= John Henry Ingram =

19th/20th-century English biographer

John Henry Ingram (November 16, 1842 – February 12, 1916) was an English biographer and editor with a special interest in Edgar Allan Poe.

Ingram was born at 29 City Road, Finsbury Square, Middlesex, and died at Brighton, England.
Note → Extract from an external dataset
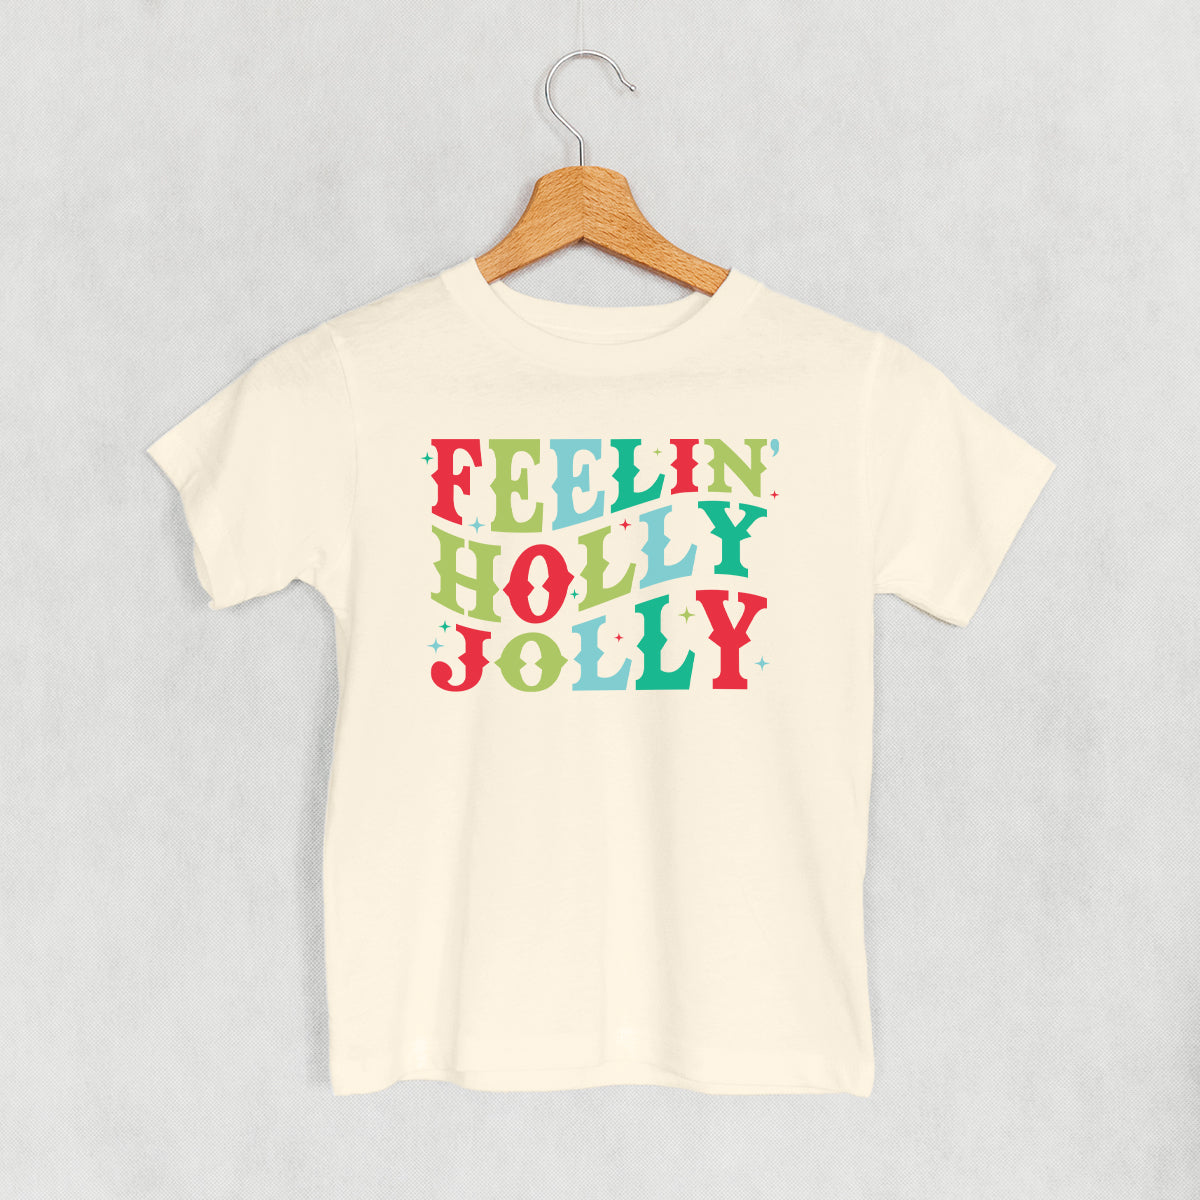 Feelin' Holly Jolly (Kids)

His family lived at Stoke Newington, recollections of which appear in Poe's works.

J. H. Ingram dedicated himself to the resurrection of Poe's reputation, maligned by the dubious memoirs of Rufus Wilmot Griswold; he published the first reliable biography of the author and a four volume collection of his works.
Sarah Helen Whitman's correspondence with Ingram, with her letters from Poe and a daguerreotype portrait, was added to the library of material he was assembling; Ingram's Poe collection is now held at the Albert and Shirley Small Special Collections Library at the University of Virginia.

Ingram was the series editor of the Eminent Women Series (1883–1886) published by W. H. Allen and Company, London.

==Works==
- Flora Symbolica; or, the Language and Sentiment of Flowers, London: Frederick Warne and Co. New York: Scribner, Welford and Co., 1869.
- Elizabeth Barrett Browning, London: W. H. Allen & Co., 1888 (Eminent Women Series).
- Christopher Marlowe and His Associates, London: Grant Richards, 1904.
- The Haunted Homes and Family Traditions of Great Britain, London : Reeves & Turner, 1912.